How about cutting the 4' pieces to 1' pieces, or even 6" to 8" pieces so that they will stay until the glue sets?


----------



## MattStata

That's not a bad idea!  Thanks!  I think I'll still need to try to find some wood that doesn't have the subtle twist to it though, in order to get a proper seal.  But yeah, that's a great idea for getting around the need for a brace.  Thanks!


----------



## Blackbyrd2

Actually, if you cut the twisted piece into shorter lengths, the twist will not be as evident, although you will see some rough spots where the pieces line up, as each one flattens part of the twist out.


----------



## glennjanie

Hey Matt:
I have years of experience with glues. If you could find Contec PL 400 I don't think you will have any problems. Back in the 60s and 70s we built over 1,000 houses using PL 400 and never had a glue failure.
Glenn


----------



## bklamert

try getting a caulk gun and buy a couple tubes of general construction adhesive. it is made for stuff like that.
oh, and dont be shy with the adhesive.


----------



## Superpack

Try this, place the 2x2 where it will go and make a pencil mark up both sides of the board, next place a bead of construction adhesive along the edge of the board and using a scrap piece of wood spread it out so it covers the entire length and width.
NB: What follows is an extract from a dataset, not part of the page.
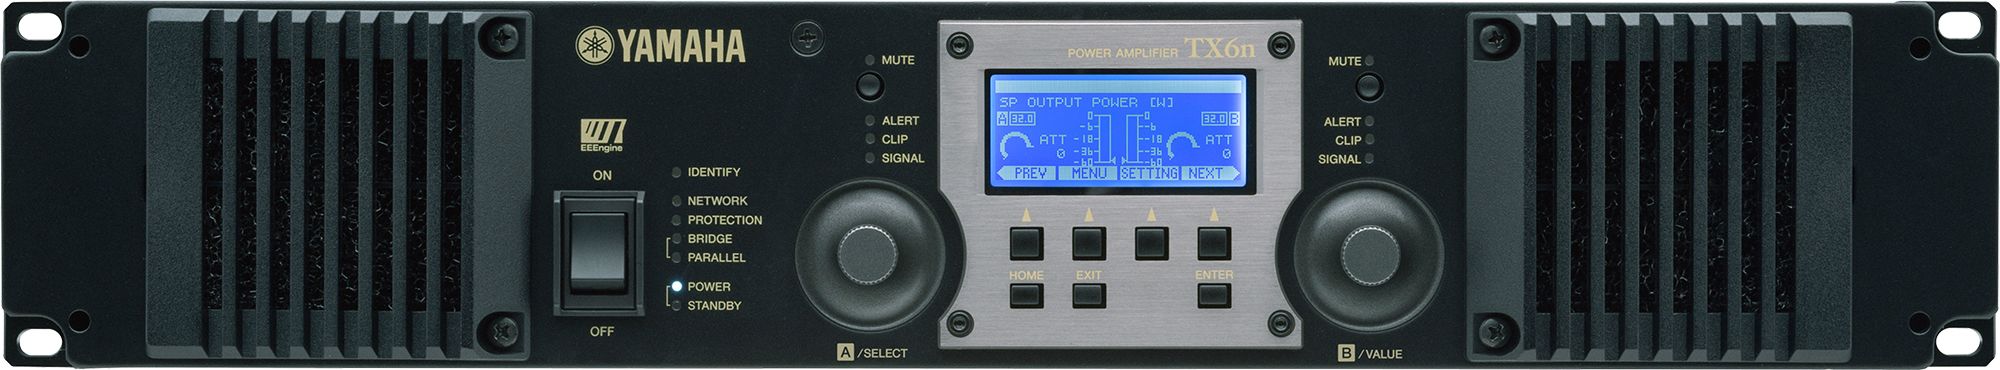 TX6n Power Amplifiers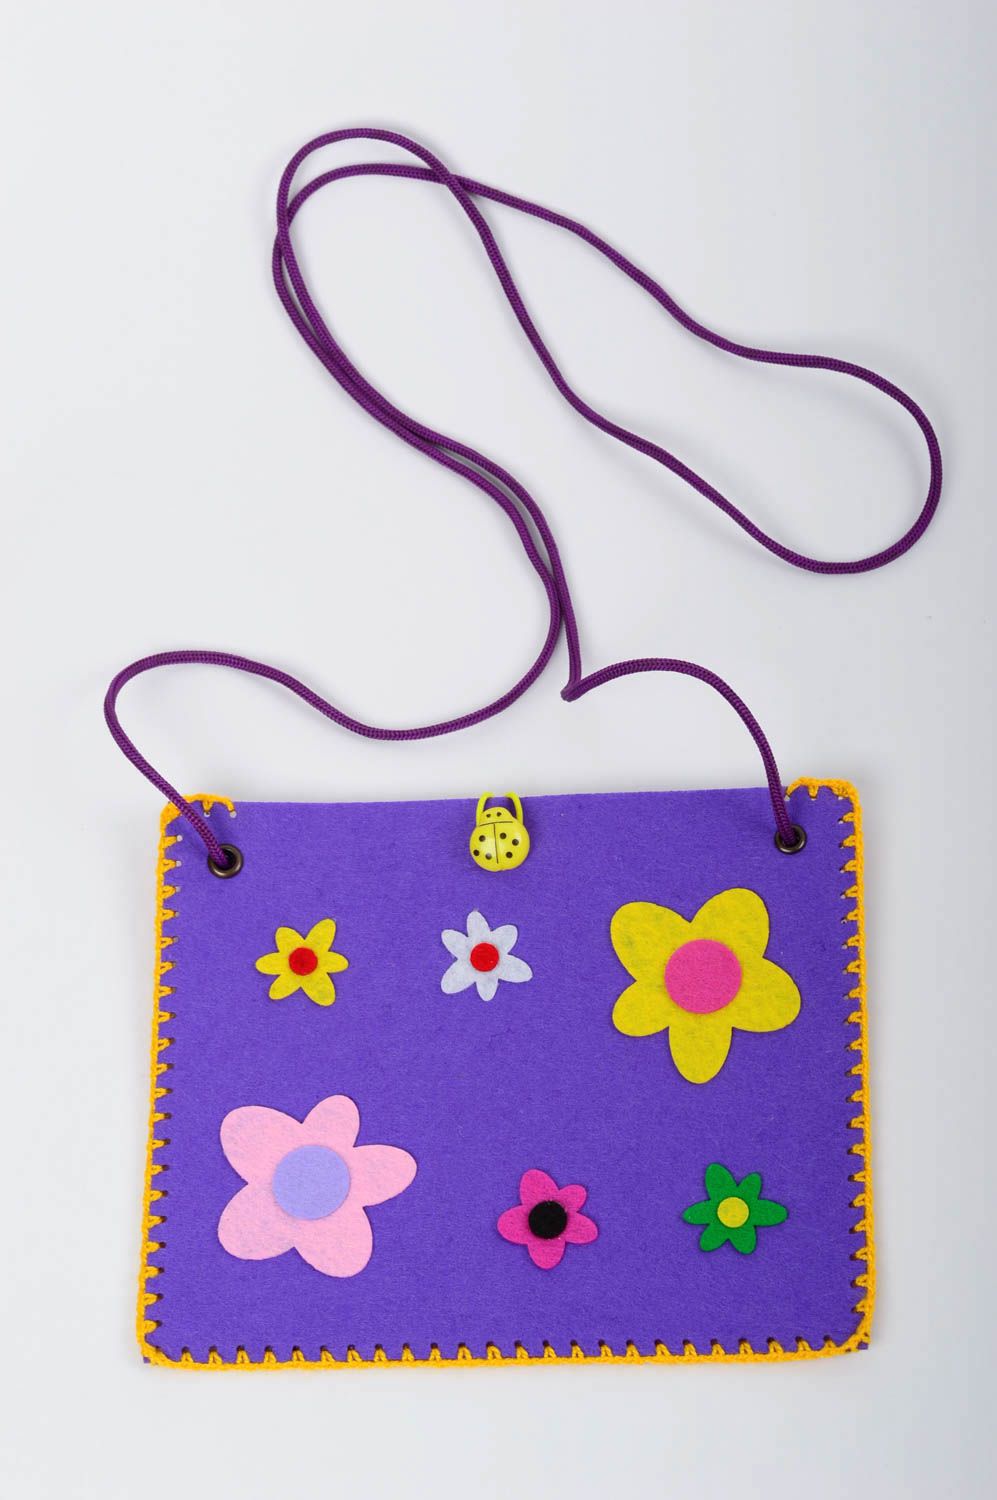 Сумка ручной работы сумка из фетра фиолетовая сумка для детей с цветочками фото 1

Next run a bead down the wall between the lines you made and spread this out too being careful to remain within your lines. Next place the 2x2 to the wall so the two glued surfaces touch and press firmly into place. Next pull the 2x2 clean off the wall, this will create "Strings" where the pieces were separated. Keep them apart for about 2 minutes or until the adhesive feels "Tacky" then place the board back onto the wall pressing it into place. Next after the board stays put I would use a GOOD caulk such as "Quad" and run a bead along both sides pressing it into place. This MAY help, I've never tried to do what you are trying but as I said this may help. This is the same technique that is supposed to be used when attaching a tub surround, though I rarely see it done this way.

Regards,


----------



## travelover

Has anyone looked at the date that this was originally posted?


----------



## CraigFL

I think it's called "necro-posting"....


----------



## travelover

I hope we are not that desperate for postings. Kinda like television reruns.


----------



## TxBuilder

Sometimes the relevancy of a post isn't determined by the date it was posted but the content of said post.


----------